What to work on >> Quote the lines below from the one containing "le mani delle" to the final line, both ends included; exclude the pictures.

[Dataset entries]

━━━

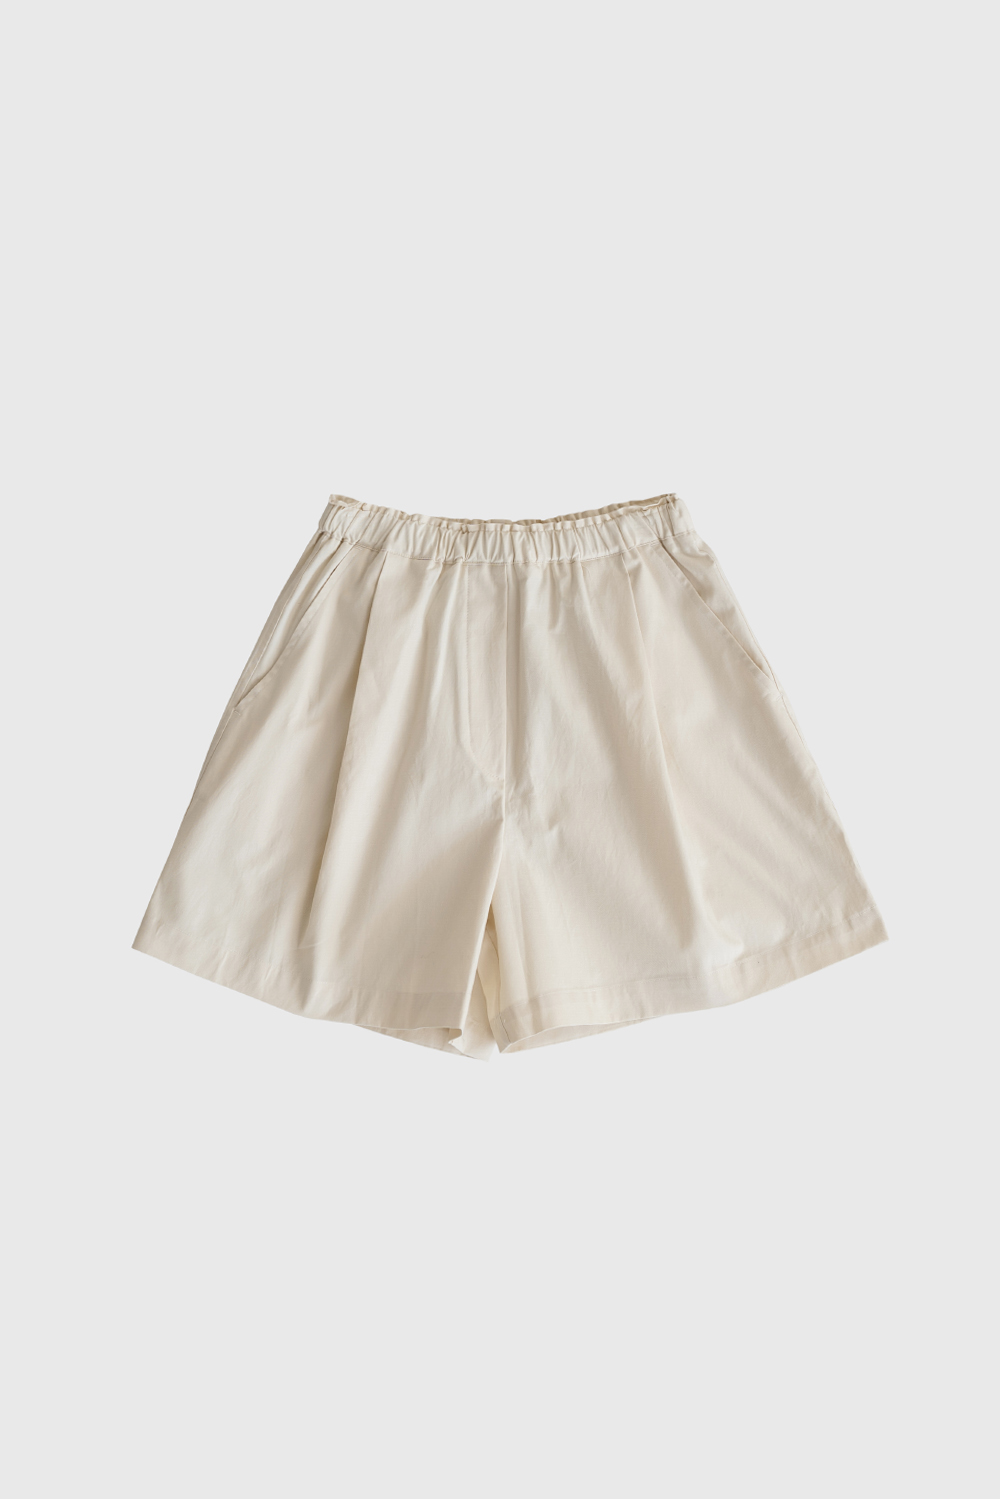 17464_Cotton Shorts
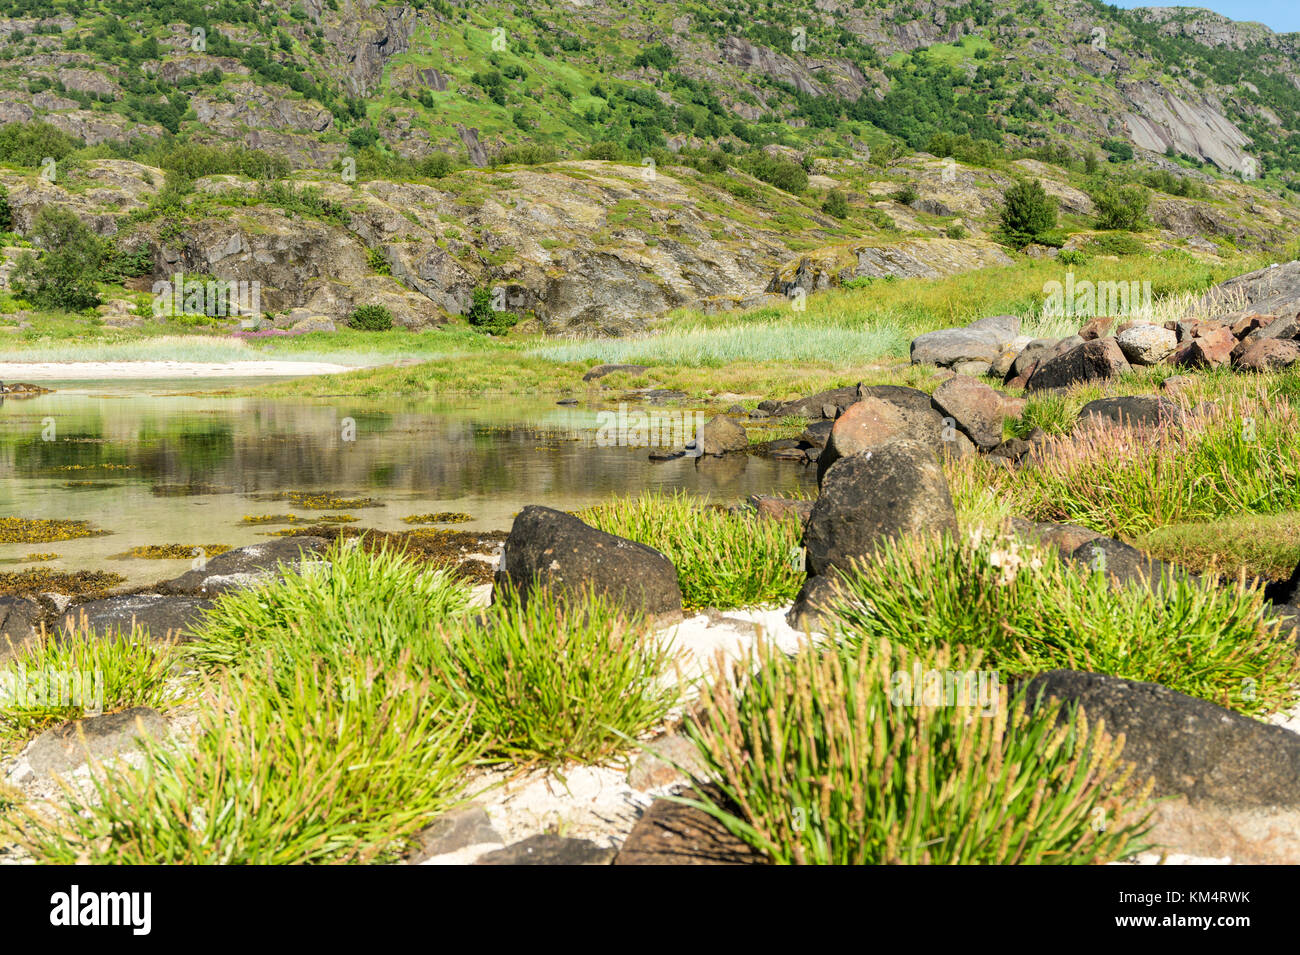 Le acque turchesi della baia, le pietre e la verde erba in estate, arcipelago delle Lofoten, Norvegia Foto Stock
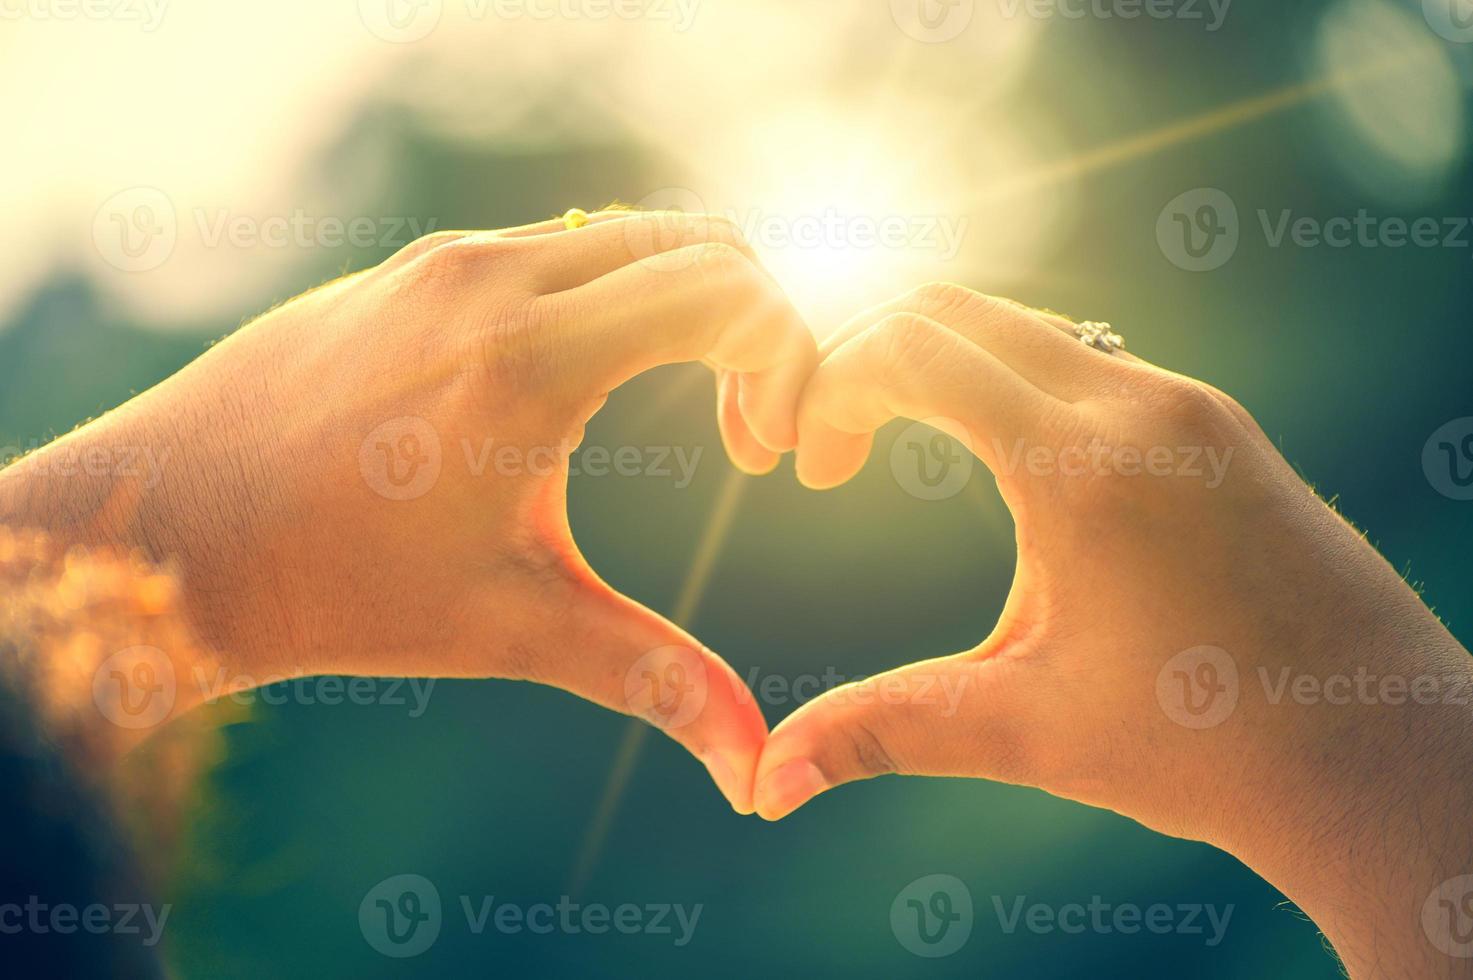 le mani delle donne e degli uomini sono a forma di cuore con la luce del sole che passa attraverso le mani foto
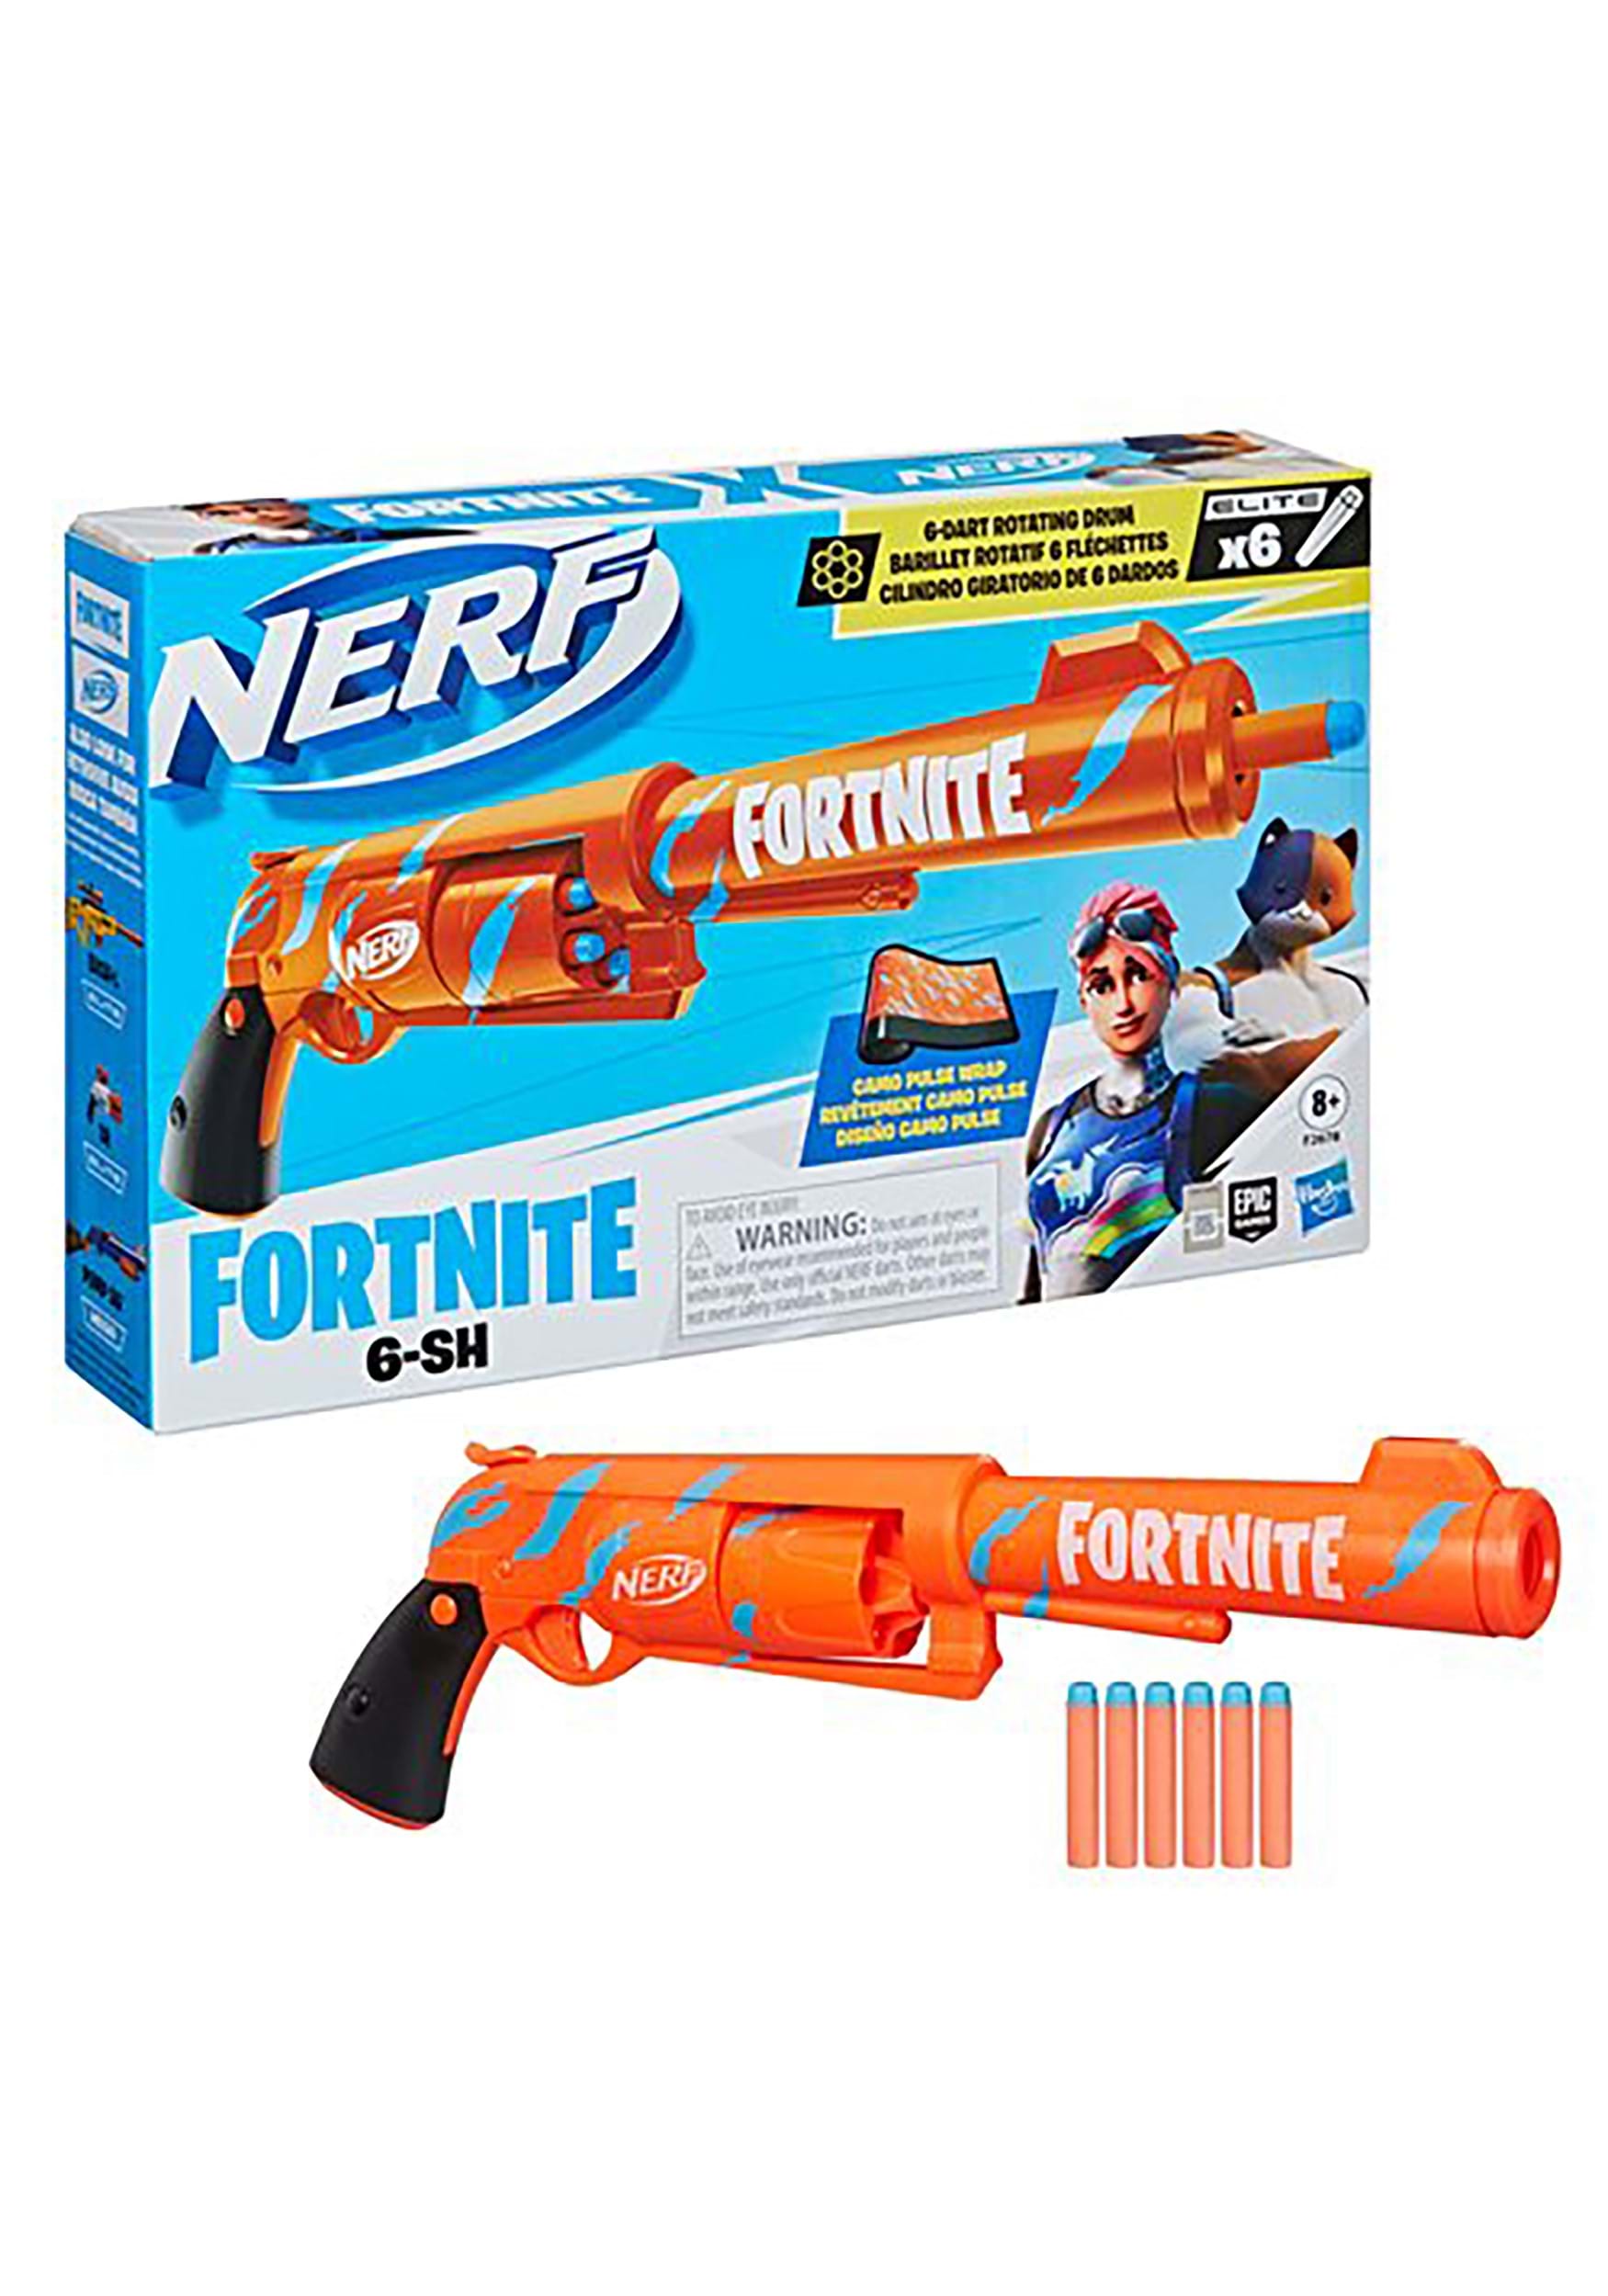 Fortnite Kids Nerf 6-SH Dart Blaster
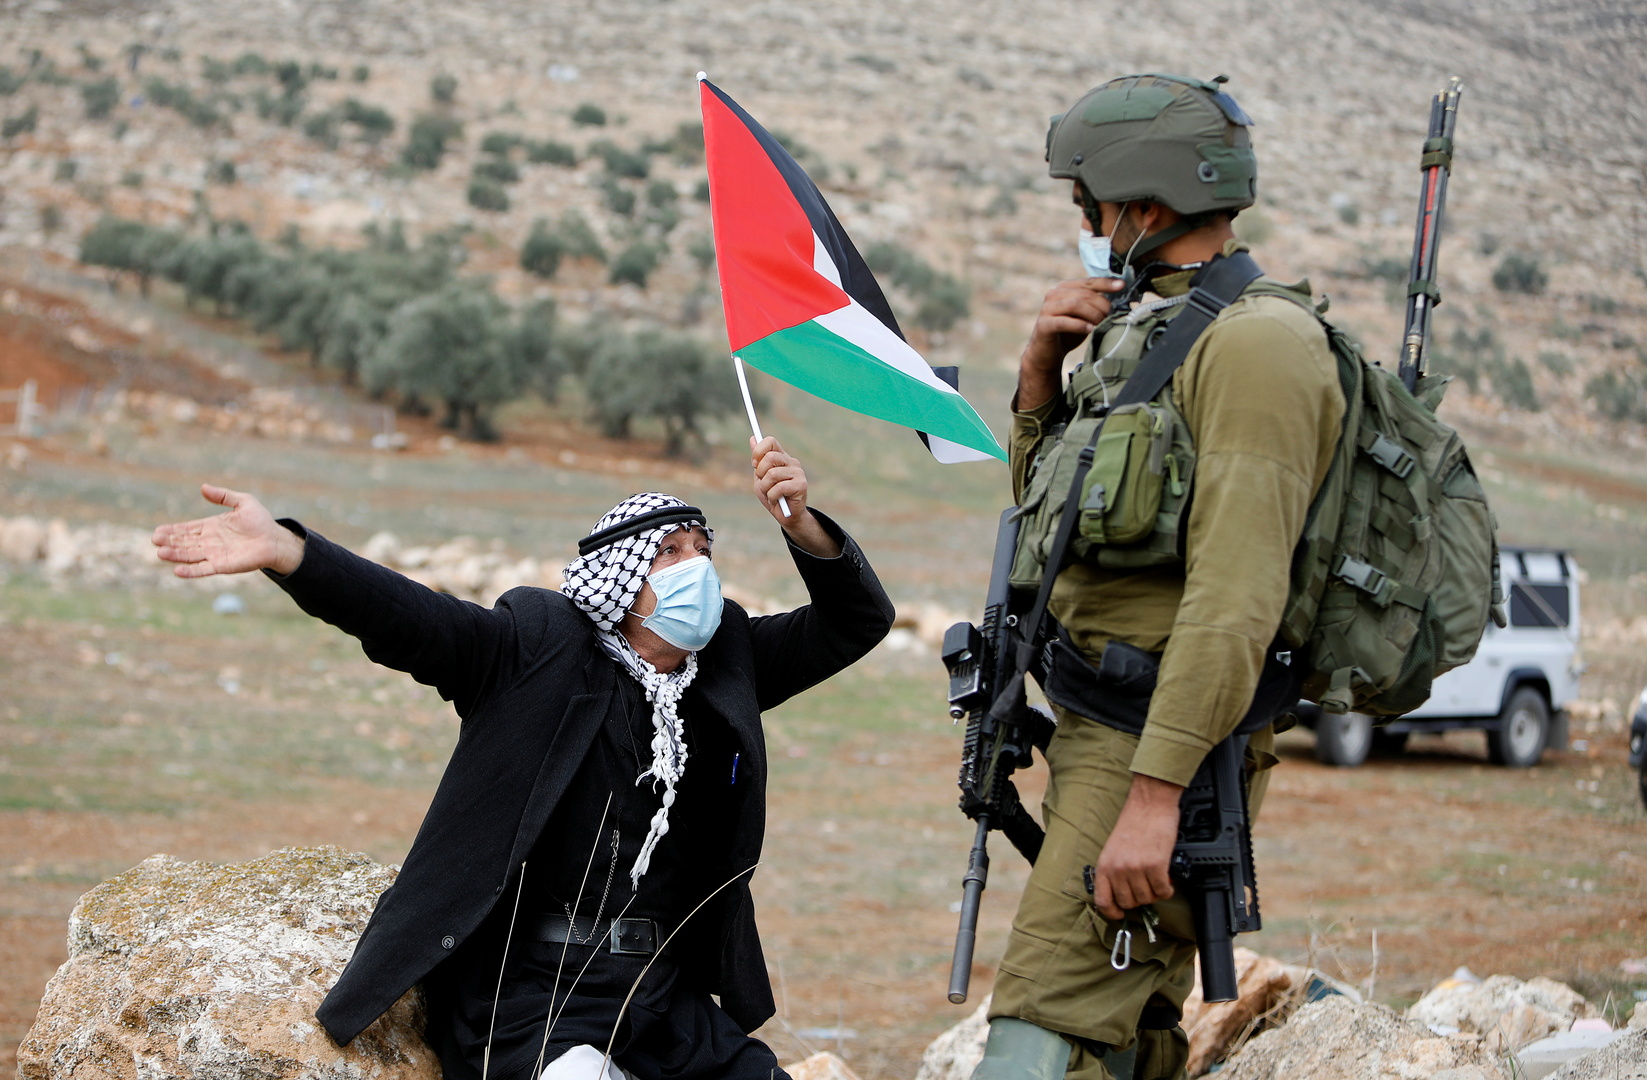 المالكي: نرحب بتأييد وزراء خارجية دول منظمة التعاون الإسلامي المطلق لحقوق الشعب الفلسطيني

━━━

Problem solution >>
 le mani delle donne e degli uomini sono a forma di cuore con la luce del sole che passa attraverso le mani foto
 Fortnite Kids Nerf 6-SH Dart Blaster
 المالكي: نرحب بتأييد وزراء خارجية دول منظمة التعاون الإسلامي المطلق لحقوق الشعب الفلسطيني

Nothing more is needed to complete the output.